Manifestación antigubernamental de simpatizantes del partido político del ex-primer ministro Imran Khan, Pakistan Tehreek-e-Insaf (PTI), en Karachi, Pakistán. (Sabir Mazhar/Getty Images)

Con la inestabilidad instalada en la política y la sociedad pakistaníes, ¿cuáles serán los escenarios que se podrán producir de cara a las próximas elecciones?

Lemas como “por un Pakistán democrático, libre de corrupción y miedo”, frente a “darle el voto supondrá invocar el caos”, nos puede resumir la relación del ex primer ministro Imran Khan con el estamento militar. En realidad, estas declaraciones se remontan a las elecciones de 1965, en las que la hermana del fundador del país, Fátima Alí Yinnah, lideró una coalición de partidos frente al dictador militar, el General Ayub Khan. 
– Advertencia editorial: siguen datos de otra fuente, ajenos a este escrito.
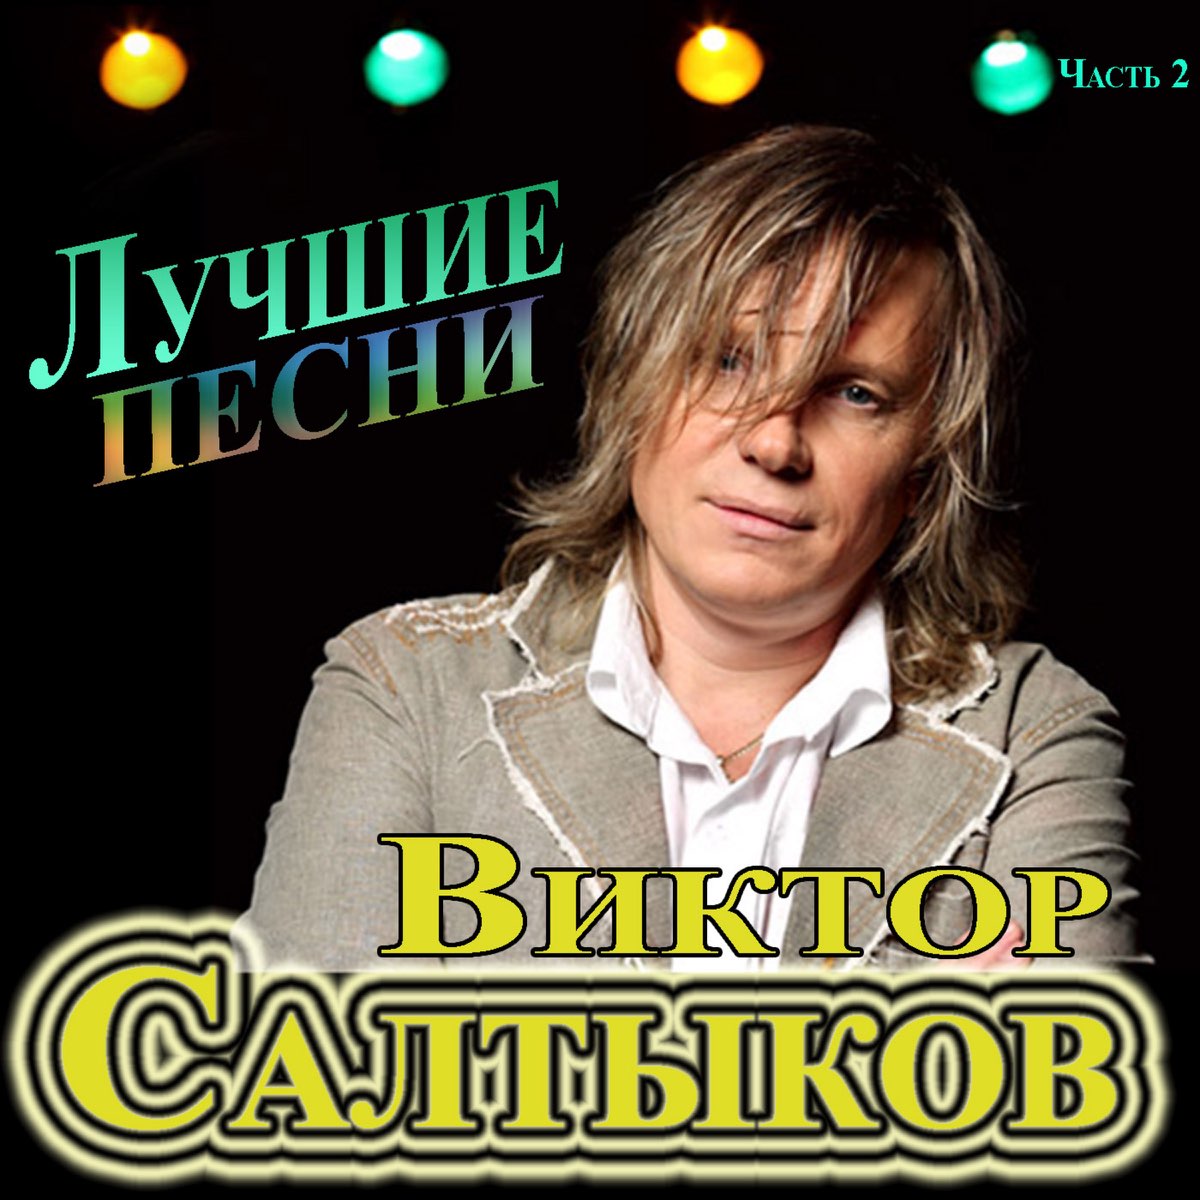 Слушать лучшие песни виктора салтыкова

El General Ayub calificó a Fátima, la “madre de la patria”, de traidora, dado que temió por la debilidad del sistema presidencialista que protegía mejor los intereses militares, frente al parlamentarismo que defendía la lideresa. Para ella, no había un Pakistán viable sin remediar los problemas sociales. Pero los partidos políticos y el establishment, término con el que nos referimos al estamento militar y los servicios de inteligencia, estaban enfrascados en la supervivencia de sus propios colectivos.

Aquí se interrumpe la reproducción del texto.